Hehehe....A South African online media outfit, Mail and Guardian Africa,
came after Nigeria on Tuesday, saying, “The money ‘eaten’ there is
bigger than the Gross Domestic Product of 38 African nations.”
If the stolen fund it estimated at $50bn were a country, the online medium reported, it would be Africa’s 11th biggest economy.
“Some estimates put the ‘lost’ funds at
$50bn. If it were a country, it would be Africa’s 11th biggest economy,
at par with Tunisia’s entire GDP and larger than the economic output of
Ghana, Tanzania, Uganda, Ivory Coast or the Democratic Republic of
Congo,” the online report said.
It quoted a Nigeria’s transparency
watchdog as saying that the Nigerian National Petroleum Corporation
diverted more than $30bn oil revenue since 2009. This figure, it said,
was bigger than the annual production output of “half of the nations in
Africa.”
Mail and Guardian Africa
said the financial shortfall caused by the theft, added to the falling
prices of oil, had put Nigeria – a country where “about two-thirds” of
the population live on less than a dollar per day – in a financial
strait.
For Nigeria’s investment in the NNPC, the
report said, the country had gained nothing but terrible disclosure
records and absence of accountability.
“For all its importance to Nigeria, the
NNPC is largely inscrutable. It had the worst disclosure record among 44
energy companies analysed in a 2011 report by anti-corruption
non-profit organisations, the Transparency International and the Revenue
Watch Institute.
“The NNPC consistently denies any
wrongdoing. Allegations of missing funds go back as far as when
President Muhammadu Buhari was a petroleum minister,” the post recalled.

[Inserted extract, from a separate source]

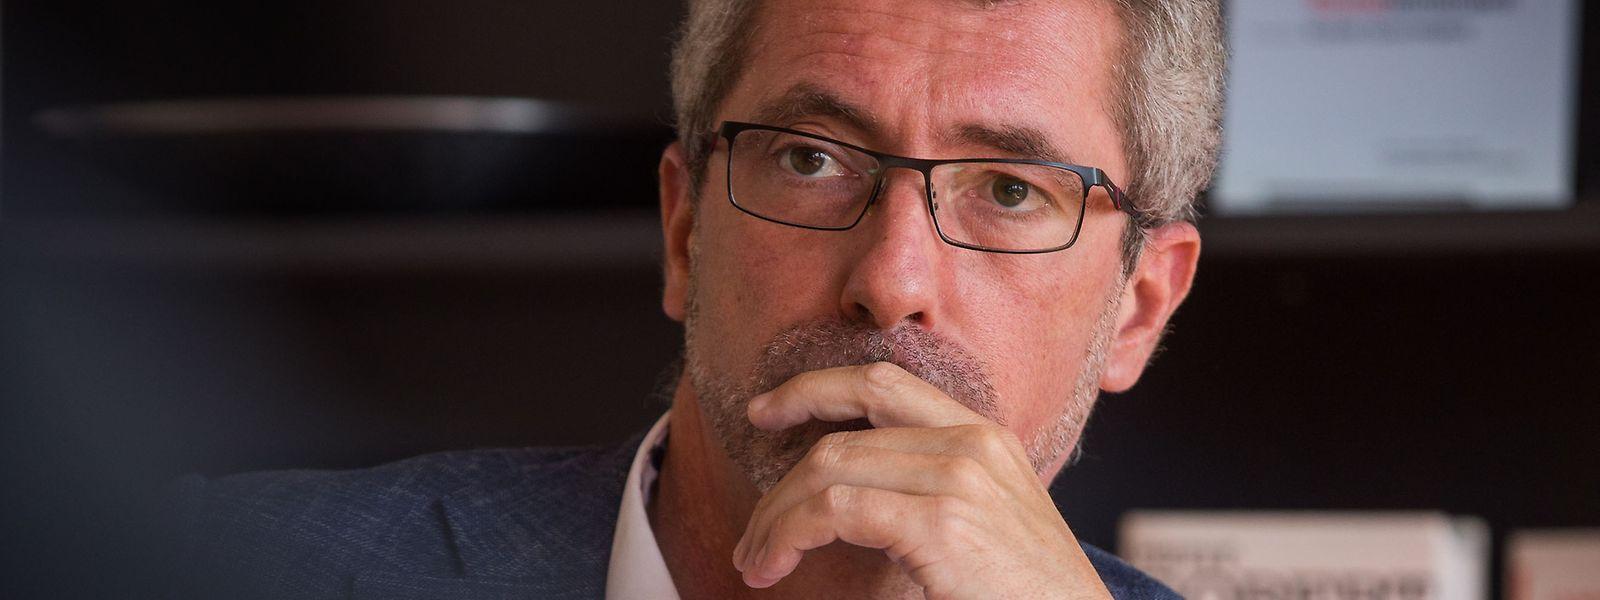 Frank Engel hat den Kampf um seine eigene Nachfolge als CSV-Chef eingeleitet.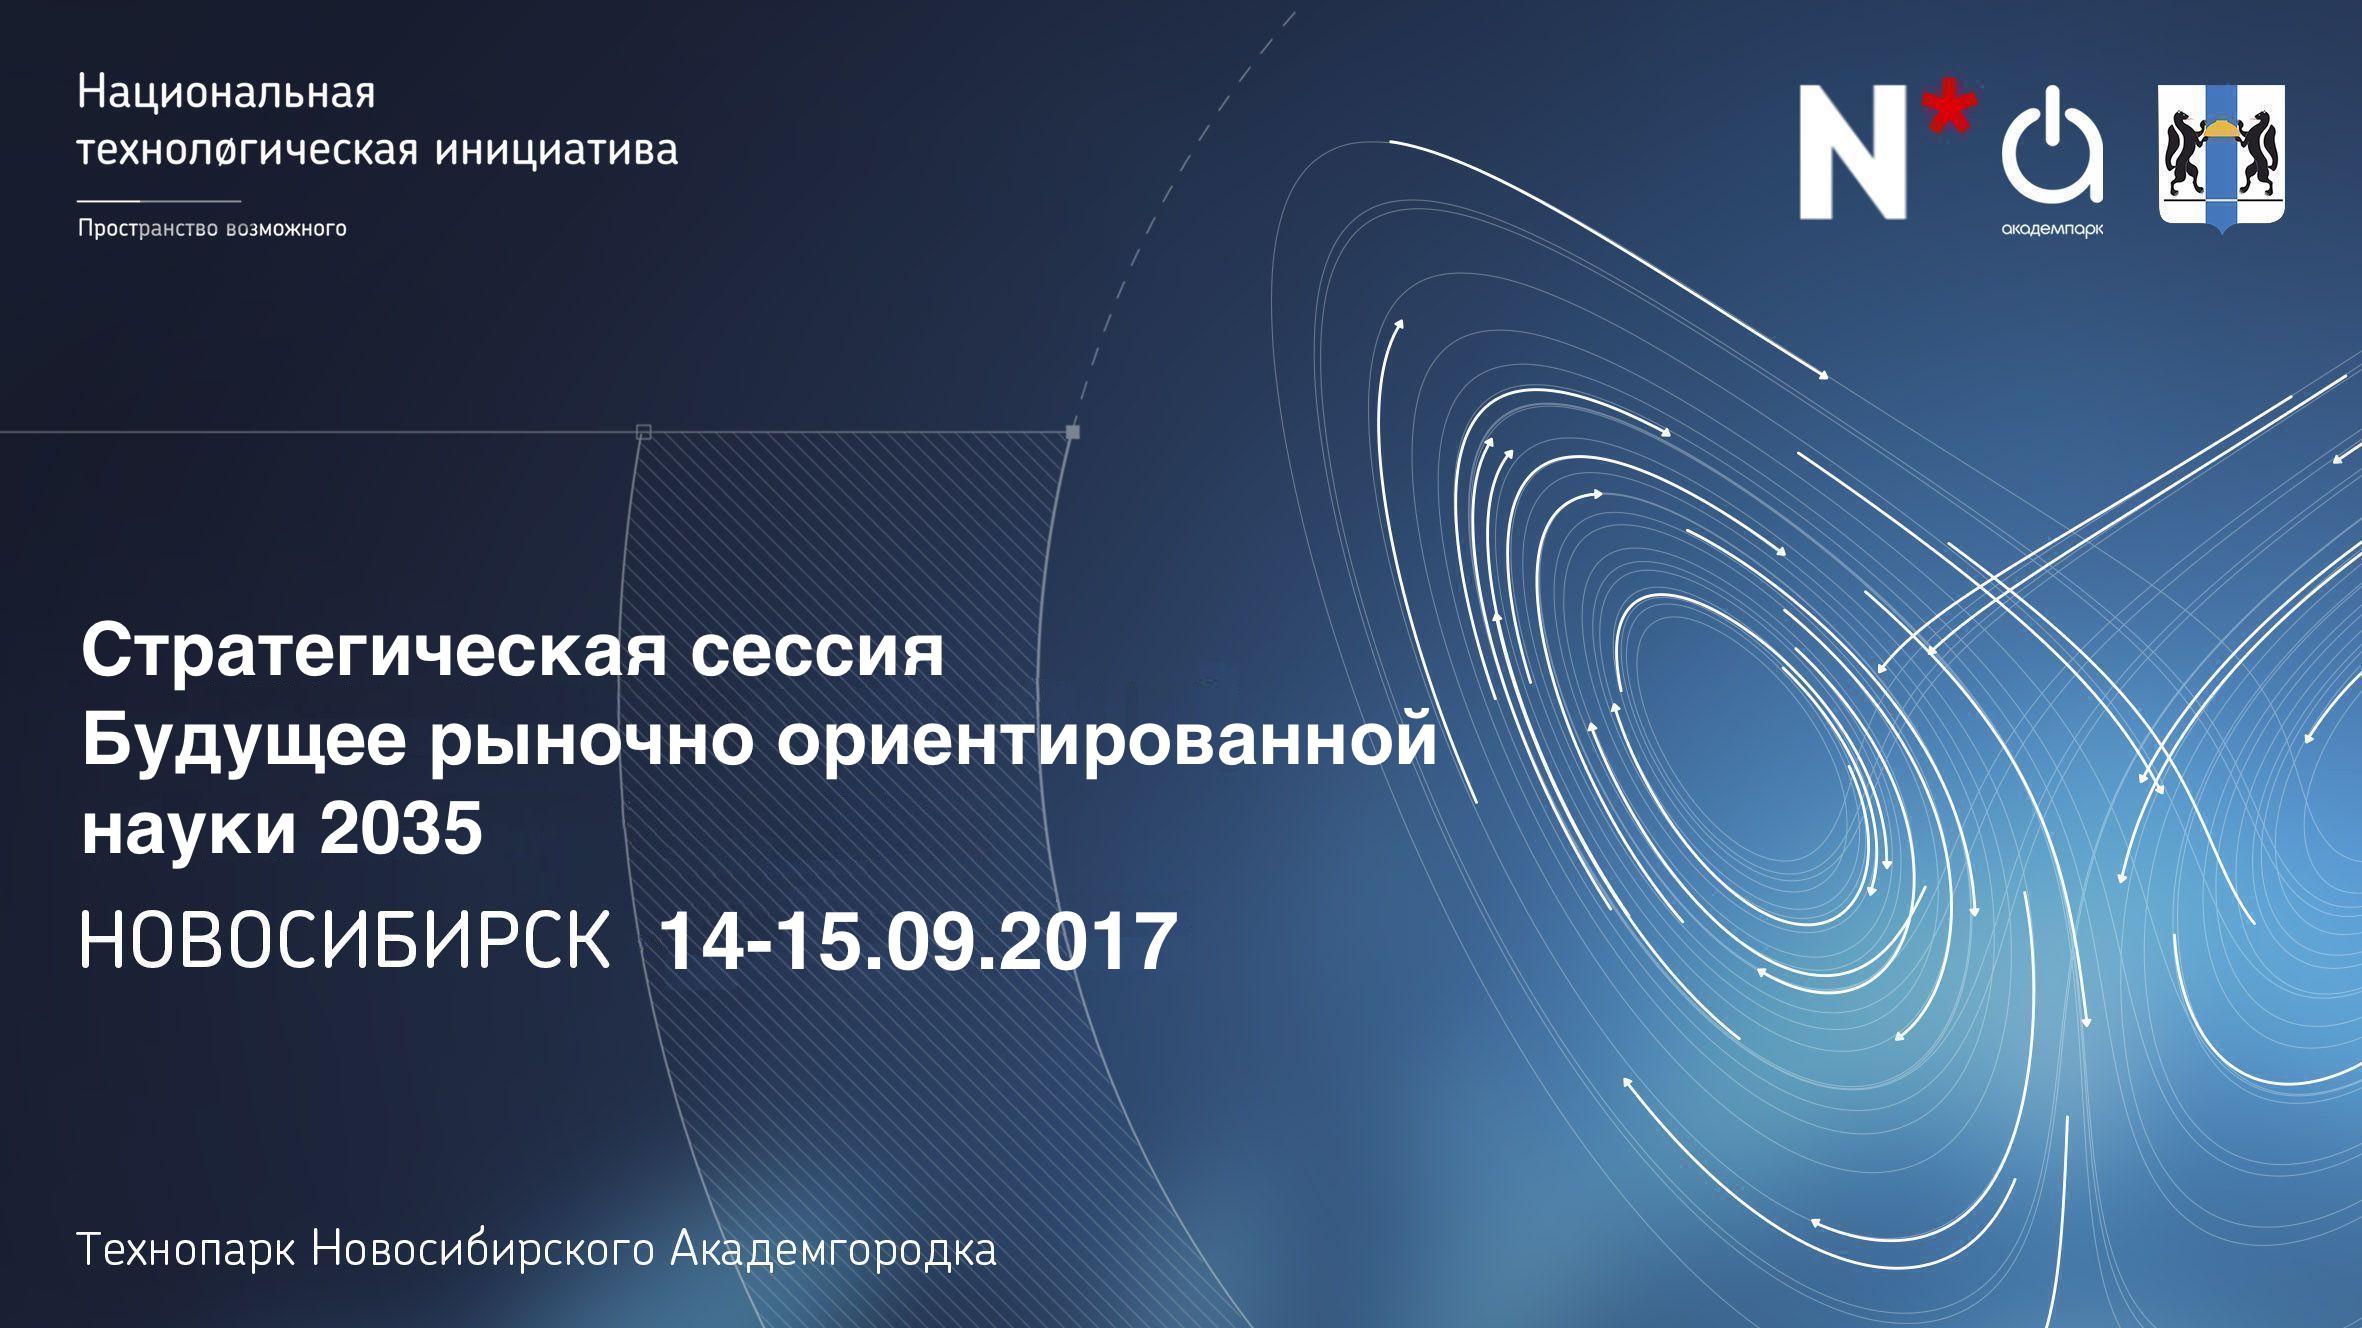 Стратегическая сессия «Будущее рыночно ориентированной науки 2035»

While it admitted that the country’s oil
sector needed an urgent reform, the online news organisation said
history was not on the side of Buhari’s push to split the corporation.
It described the NNPC as the largest
government-owned company, saying Buhari may not succeed in his plan to
unbundle it. Arguing that the establishment was synonymous to
corruption, it recalled that it had faced allegations bordering on
financial frauds since 1978.
“A Lagos-based newspaper reported in
1978, a year after the NNPC took its current name, that the company
failed to remit an equivalent of about $3.5bn it owed the treasury. In
the 1990s, a military-sanctioned investigation discovered that $12bn oil
revenue was unaccounted for under the regime of Gen Ibrahim Babangida
(retd.).
“The Nigeria Extractive Industries
Transparency Initiative said, at least, $23.2bn due to the government
was not deposited into the federation account from 2009 to 2011.
Recently, the then-Central Bank of Nigeria Governor, Sanusi Lamido
Sanusi, alleged that the corporation retained as much several billions
of dollars that was due to the government,” the report said.
Back home, there is so much to read on
digital media about corruption, the pains it has inflicted on the masses
and how it could be tackled. Recent media reports on government’s plans
to probe key past public projects and investments merely fuelled the
online discussion.
The government revealed that it was
scrutinising bank accounts where the stolen funds had been kept.
Following the statement, bloggers and social media users have been
urging government to also look into highbrow mansions in Abuja, Lagos,
Port Harcourt and other major cities.
In recent times, several hashtags drawing
government’s attention to such houses have been trending. The stolen
money, according to social media posts, could be hidden in houses
belonging to relatives, wives and concubines of former public office
holders.
Blogging on this on Tuesday, one Chukwudi
Enekwechi said, “Recently, a huge sum of money was being frittered away
by relations, concubines and wife of a politician. Even more
interesting is that locations where such money is hidden are listed
online. For example, Lekki Phase 1, Ikoyi and Victoria Island, Port
Harcourt, Maitama and Asokoro were mentioned.”